入口だからこそ、たくさんのドアを見せてあげたい
——「見える音楽」の手ごたえはいかがでしょうか。
秀嶋先生:
生徒たちは自分の考えを伝えるのがどんどん上手になっています。4月の時点では生徒たちもまだまだ表現が苦手で、鑑賞文を書かせても、1・2行しか書けません。それがだんだんと、「作品のこういうところが好きだ」「こういうところが好きだから、みんなこう思ってくれたらうれしい」と、ステップアップしながら表現の幅を広げていく。どうやったら自分が伝えたいことを表現できるのか、友達の発表を参考にしながら、どの子も一生懸命成長してくれています。
久喜市の音楽部会でも、活用は広がっています。音楽部会に参加した先生が、他の先生に「こういう授業の進め方があるよ」「これ、おすすめだよ」と話してくれているようで。少しでも、先生方の手助けができているならうれしいですね。
——取り組みの今後の展望をお聞かせください。
秀嶋先生:
最近、久喜市の音楽部会とは別に、市外の先生とつながりを持てました。まだ数人ですが、協力して活動できる先生が増えれば、音楽におけるICT活用の幅はさらに広げられるでしょう。
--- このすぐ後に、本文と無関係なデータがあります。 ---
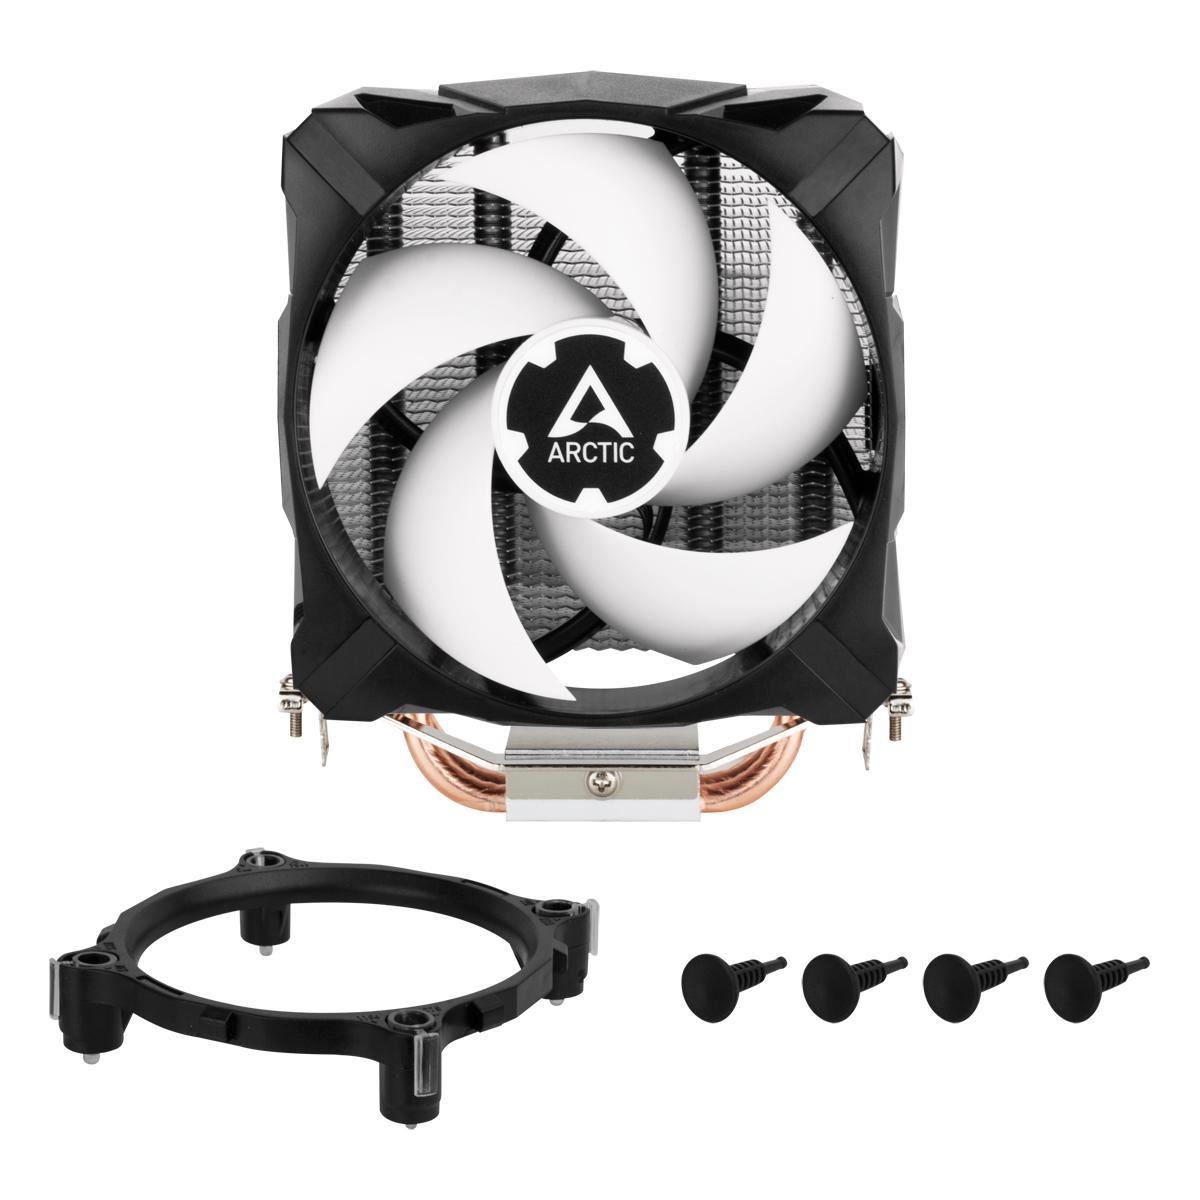 ARCTIC Freezer 7 X CPU Cooler

また、今はインターネットを通じて様々な音楽のアプリケーションにアクセスできます。ここの間も、簡単に作曲ができるアプリケーションや、ドラムの勉強になるアプリケーションを見つけました。もっとたくさんのツールを見つけて、授業に生かしたり、生徒たちに共有したりしたいですね。
義務教育の音楽は、あくまで音楽の入口を教えるものだと私は思います。だからこそ、生徒たちがまだ知らない情報をたくさん提供して、興味のドアを見つけてもらいたい。「あの授業で簡単に作曲できたから、久しぶりにやってみようかな」「ギター、またやってみようかな」と、生徒たちが音楽を生涯の友にしたいと思えるような授業づくりをめざして、今後も挑戦していきたいです。
【編集後記】
秀嶋先生の授業を拝見して印象的だったのが、どの生徒も静かに、カードづくりに集中していたこと。カードの内容も非常に充実していて、歌舞伎やオペラについて自分なりの考察を述べている生徒や、“伝える”ことを意識して見せ方を工夫している生徒ばかりでした。また廊下には、音楽を含めた様々な教科の発表物が。学校全体で、日頃から生徒が主体的に考え表現する時間を大事にしているのだろうと納得しました。
撮影/タカセオフィス株式会社 有田純也 取材・文/株式会社オンソノ 鈴木康介
※取材の内容は2024年3月時点の情報です。
※掲載にあたり一部の図版を編集しております。
所在地:埼玉県久喜市
学校名:久喜市立菖蒲中学校
生徒数:424人
1クラスの人数:31人〜35人
特色:2022年に、菖蒲中学校と菖蒲南中学校を統合して設立された中学校。GIGAスクール構想が始まった当初から、統合に向けて二校合同の研修に取り組んだ結果として、高いICTの活用率を誇る。学区が広く、バス通学する生徒がいるのも特徴。